Interestingly, Holton et al (Human Relations, 2022) show an increase in response rates over time in a sample of 1014 journals, and do not find a statistically significant difference linked to survey modes.

ONS itself works with the ESRC-funded Survey Futures project, which:

aims to deliver a step change in survey research to ensure that it will remain possible in the UK to carry out high quality social surveys of the kinds required by the public and academic sectors to monitor and understand society, and to provide an evidence base for policy

It feels like timely stuff. Nine strands of work in the first phase included work on mode effects, and on addressing non-response.

Fixing surveys

ONS have been taking steps to repair LFS – implementing some of the recontacting/reminder approaches that have been successfully implemented and documented in the academic literature. There’s a renewed focus on households that include young people, and a return to the larger sample sizes we saw during the pandemic (when the whole survey had to be conducted remotely). Reweighting has led to a bunch of tweaks to the way samples are chosen, and non-responses accounted for.

Longer term, the Transformed Labour Force Survey (TLFS) is already being trialed, though the initial March 2024 plans for full introduction has been revised to allow for further testing – important given a bias towards older age group responses, and an increased level of partial responses.
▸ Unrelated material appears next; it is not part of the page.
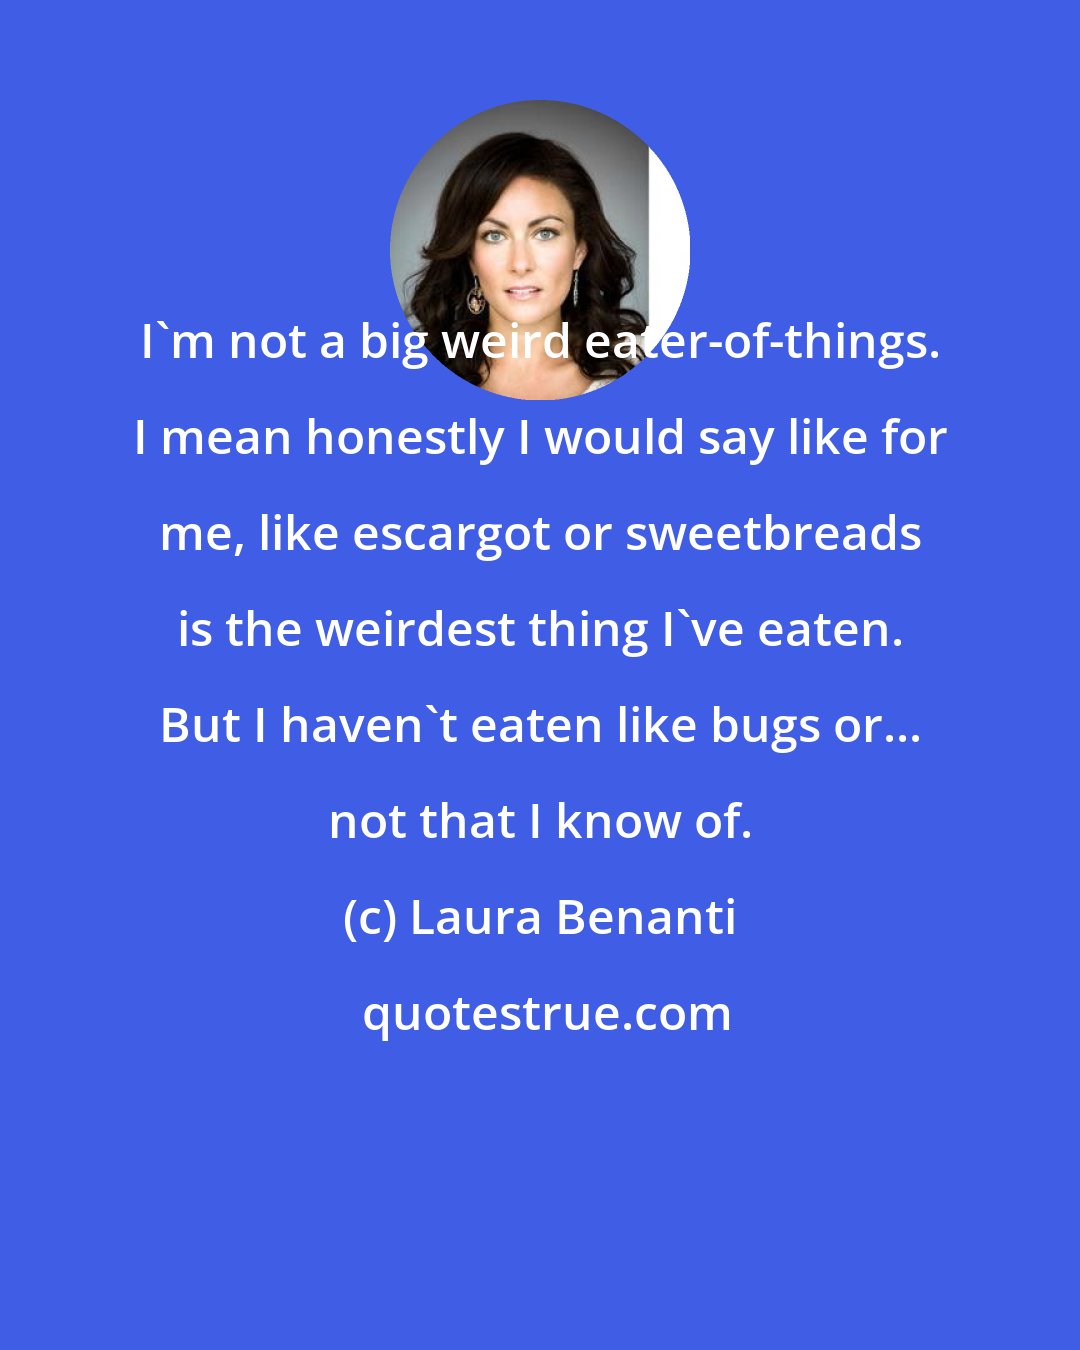 Laura Benanti: I'm not a big weird eater-of-things. I mean honestly I would say like for me, like escargot or sweetbreads is the weirdest thing I've eaten. But I haven't eaten like bugs or... not that I know of.

Yes, there’s a lessons learned review. The old LFS and the new, online first, TLFS will be running together at least until early 2025 – with a knock on impact on APS.

But it is worth bearing in mind that, even given the changes made to drive up responses, trial TLFS response rates have been hovering around just below 40 per cent. This is a return to 2020 levels, addressing some of the recent damage, but a long way from the historic norm.

Survey fatigue

More usually the term “survey fatigue” is used to describe the impact of additional questions on completion rate – respondents tire during long surveys (as Jeong et al observe in the Journal of Development Economics) and deliberately choose not to answer questions to hasten the end of the survey.
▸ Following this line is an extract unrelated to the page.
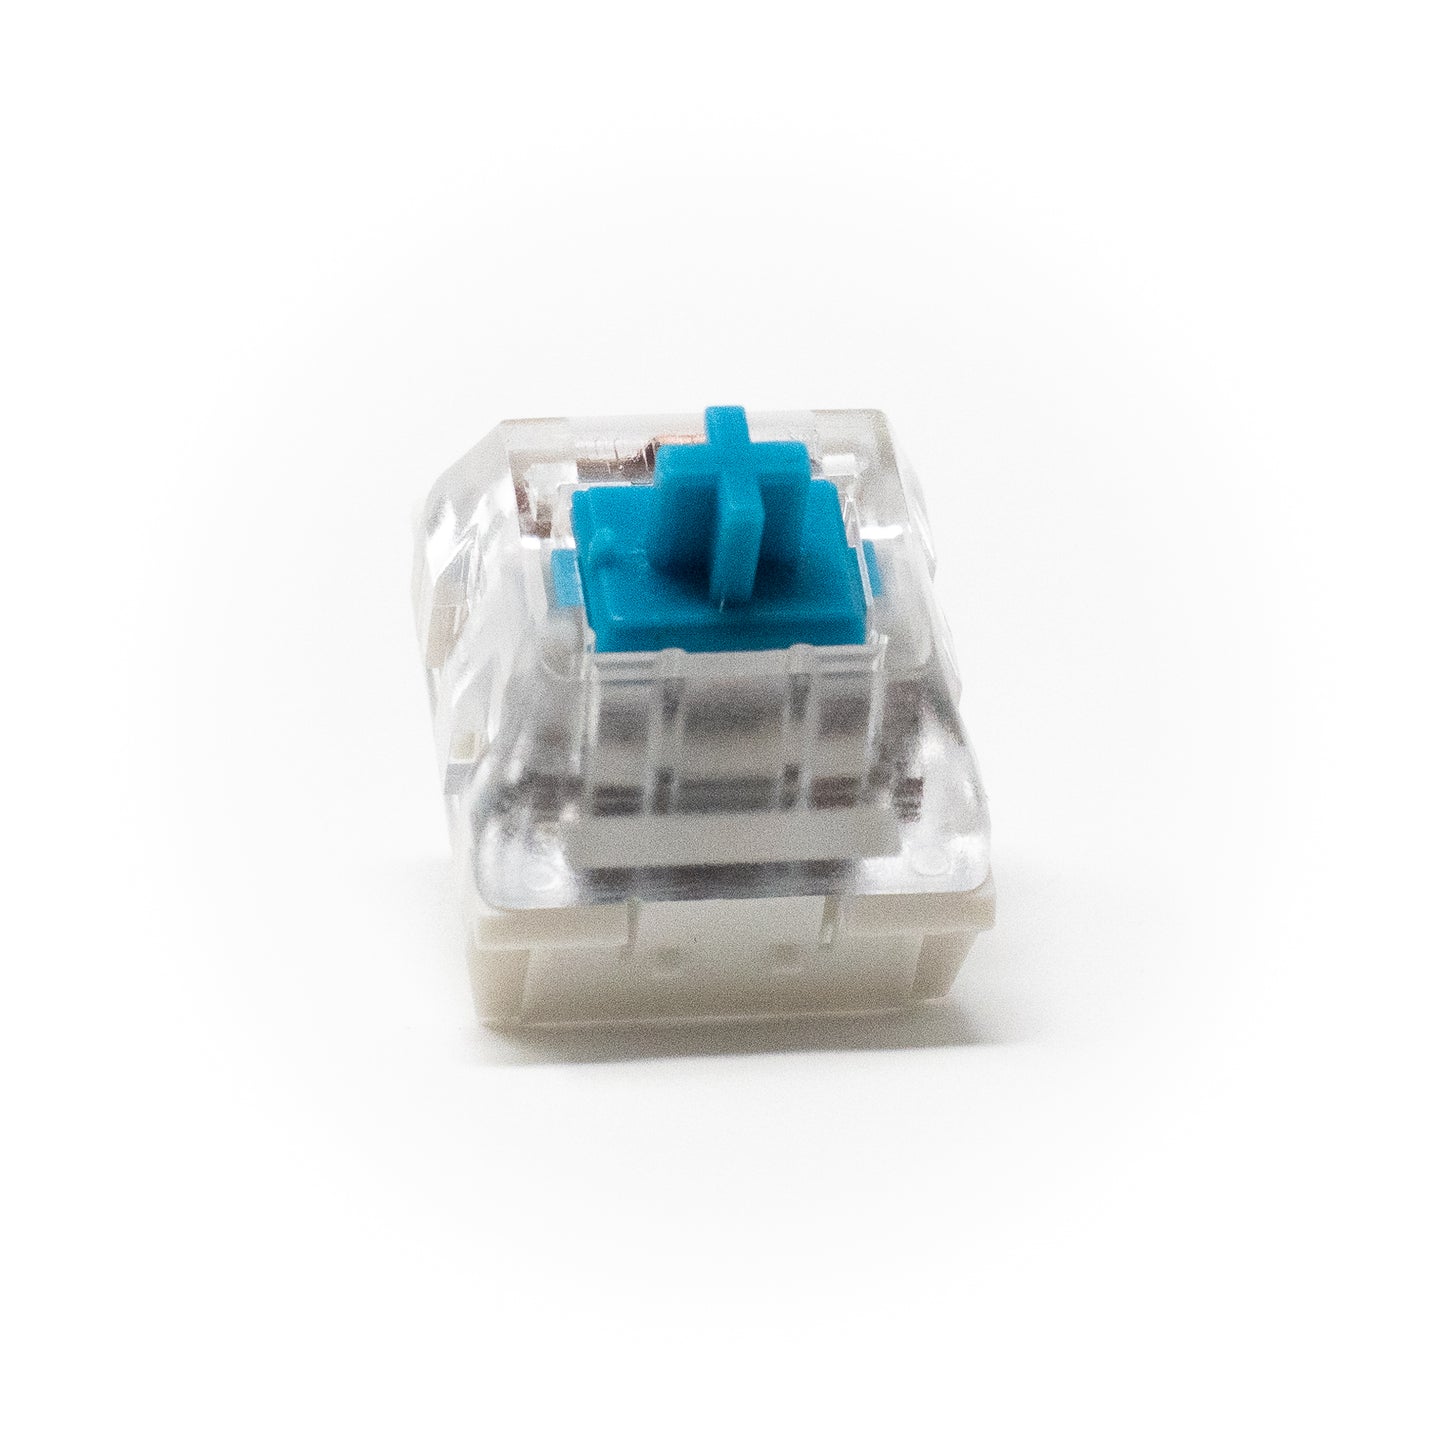 Kailh Blue Keyswitches x 25

But it is possible to consider the idea of a civilisational survey fatigue. Arguably, large parts of the online economy are propped up on the collection and reuse of personal data, which can then be used to target advertisements and reminders. Increasingly, you now have to pay to opt out of targeted ads on websites – assuming you can view the website at all without paying. After a period of abeyance, concerns around data privacy are beginning to reemerge. Forms of social media that rely on a constant drive to share personal information are unexpectedly beginning to struggle – for younger generations participatory social media is more likely to be a group chat or discord server, while formerly participatory services like YouTube and TikTok have become platforms for media consumption.

In the world of public opinion research the struggle with response rates has partially been met via a switch from randomised phone or in-person to the use of pre-vetted online panels. This (as with the rise of focus groups) has generated a new cadre of “professional respondents” – with huge implications for the validity of polling even when weighting is applied.

Governments and industry are moving towards administrative data – the most recognisable example in higher education being the LEO dataset of graduate salaries. But this brings problems in itself – LEO lets us know how much income graduates pay tax on from their main job, but deals poorly with the portfolio careers that are the expectation of many graduates. LEO never cut it as a policymaking tool precisely because of how broadbrush it is.

In a world where everything is data driven, what happens when the quality of data drops? If we were ever making good, data-driven decisions, a problem with the raw material suggests a problem with the end product. There are methodological and statistical workarounds, but the trend appears to be shifting away from people being happy to give out personal information without compensation. User interaction data – the traces we create as we interact with everything from ecommerce to online learning – are for now unaffected, but are necessarily limited in scope and explanatory value.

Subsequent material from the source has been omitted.